[Opening DATASET CONTENT section]
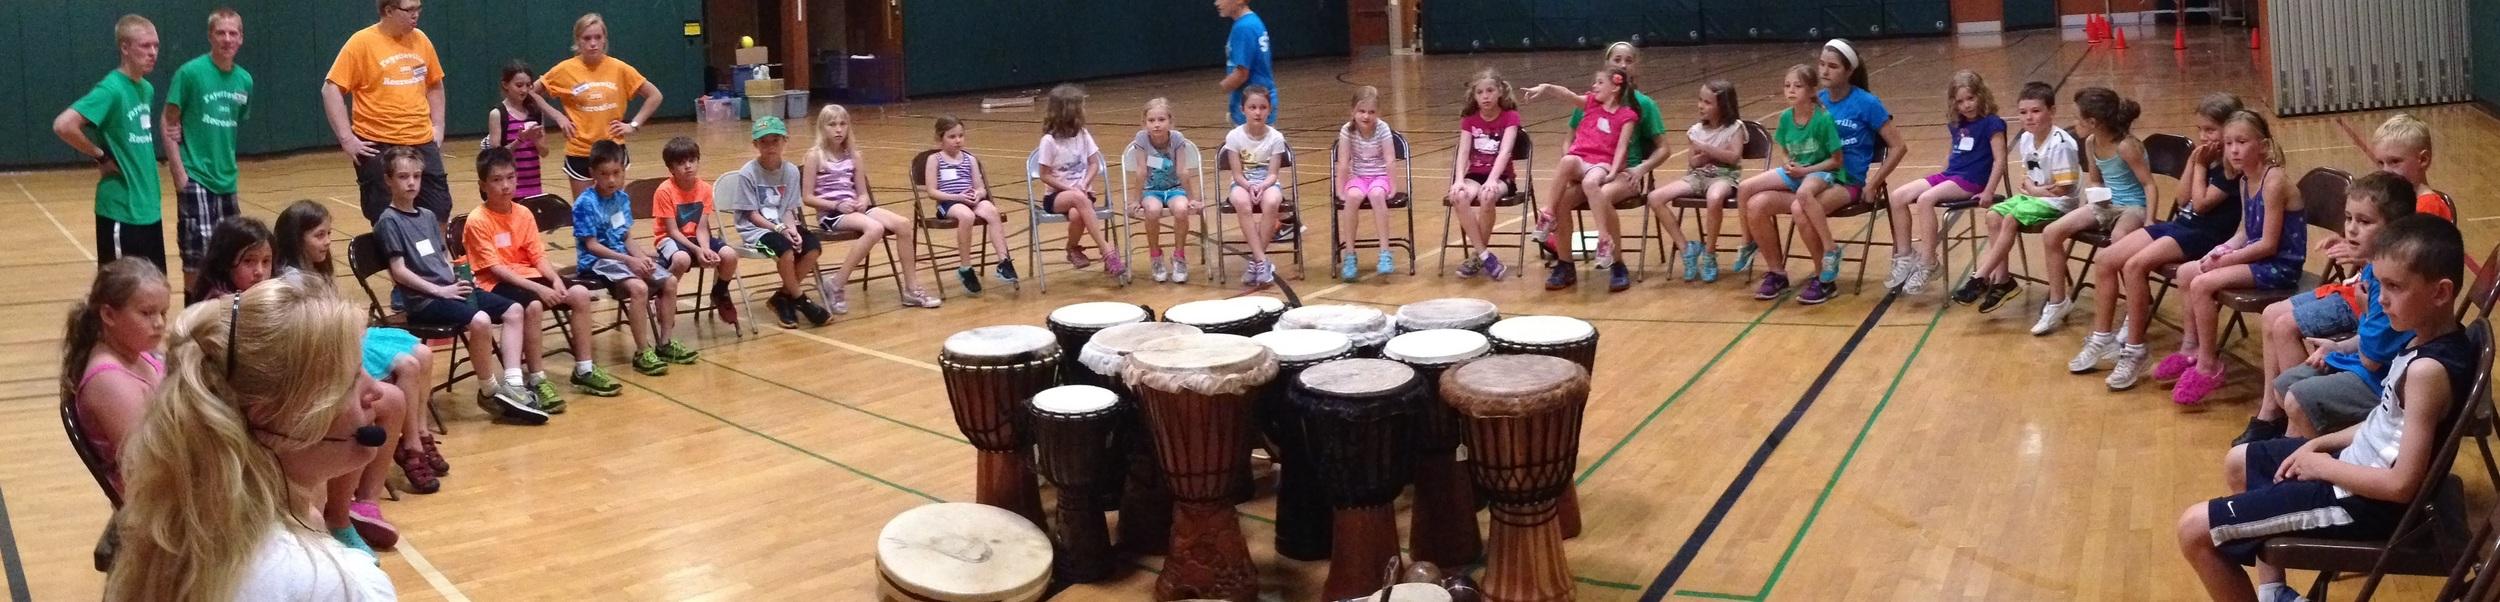 Fay Recreation Dept Drum Program.jpg
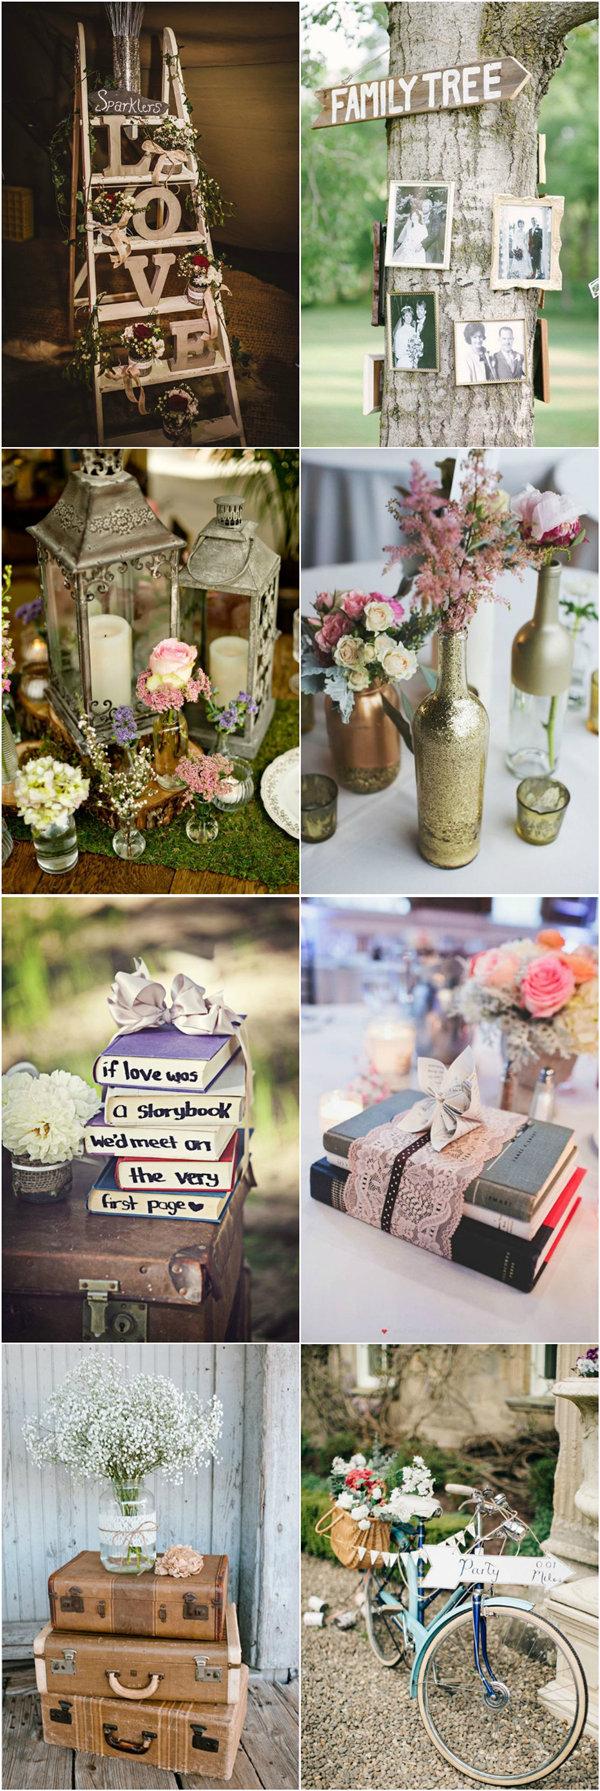 Vintage Wedding Ideas 30 Stunning Vintage Wedding Ideas For Springsummer Tulle
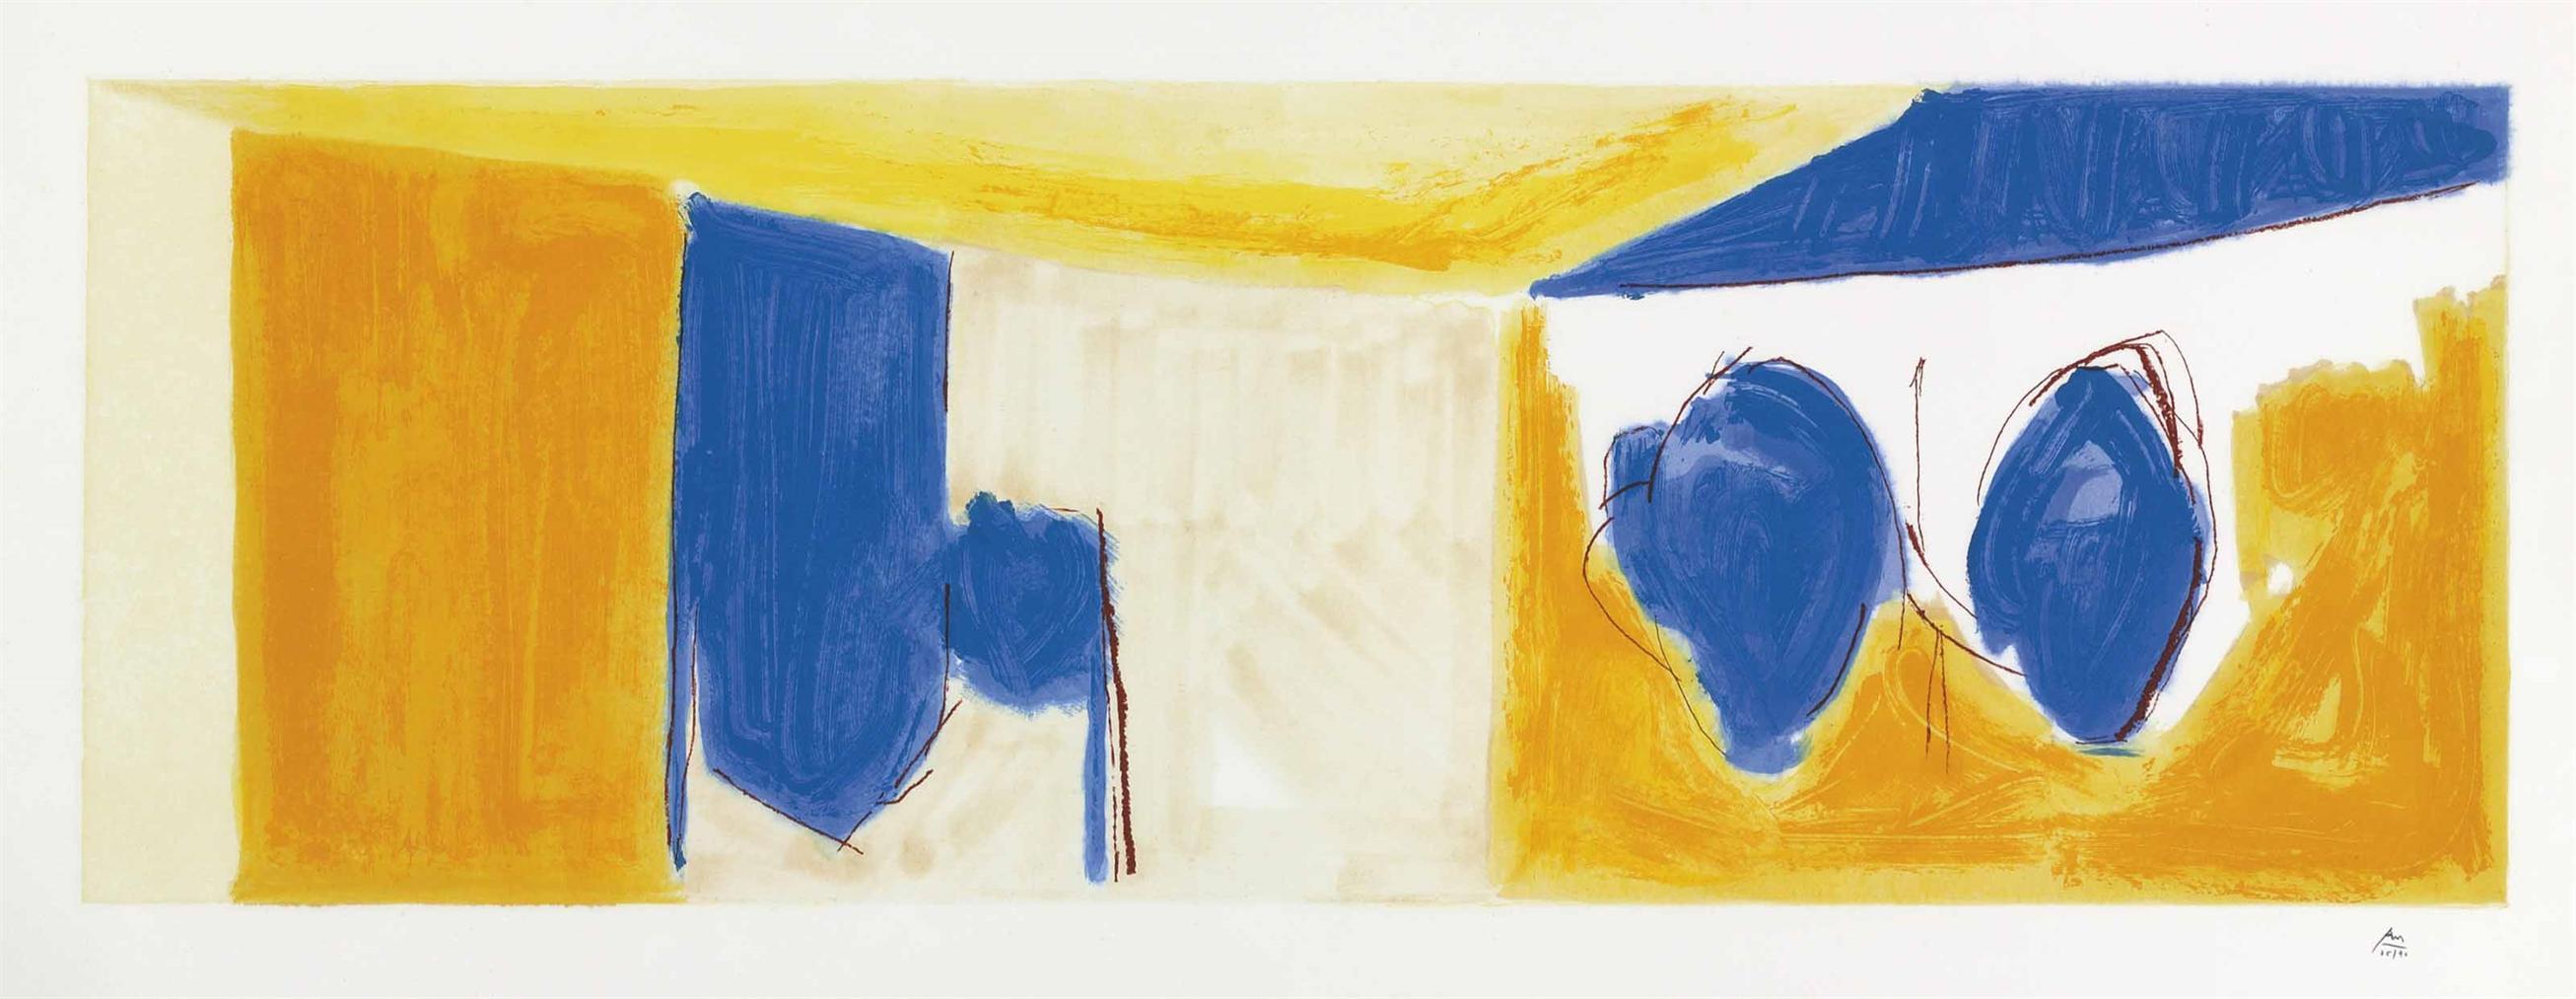 Robert Motherwell-Mediterranean Light-1991
[Closing DATASET CONTENT section]
ASSIGNMENT — This task calls for an exact copy of the data above, without pictures.

EXERCISE ANSWER —
 Fay Recreation Dept Drum Program.jpg
 Vintage Wedding Ideas 30 Stunning Vintage Wedding Ideas For Springsummer Tulle
 Robert Motherwell-Mediterranean Light-1991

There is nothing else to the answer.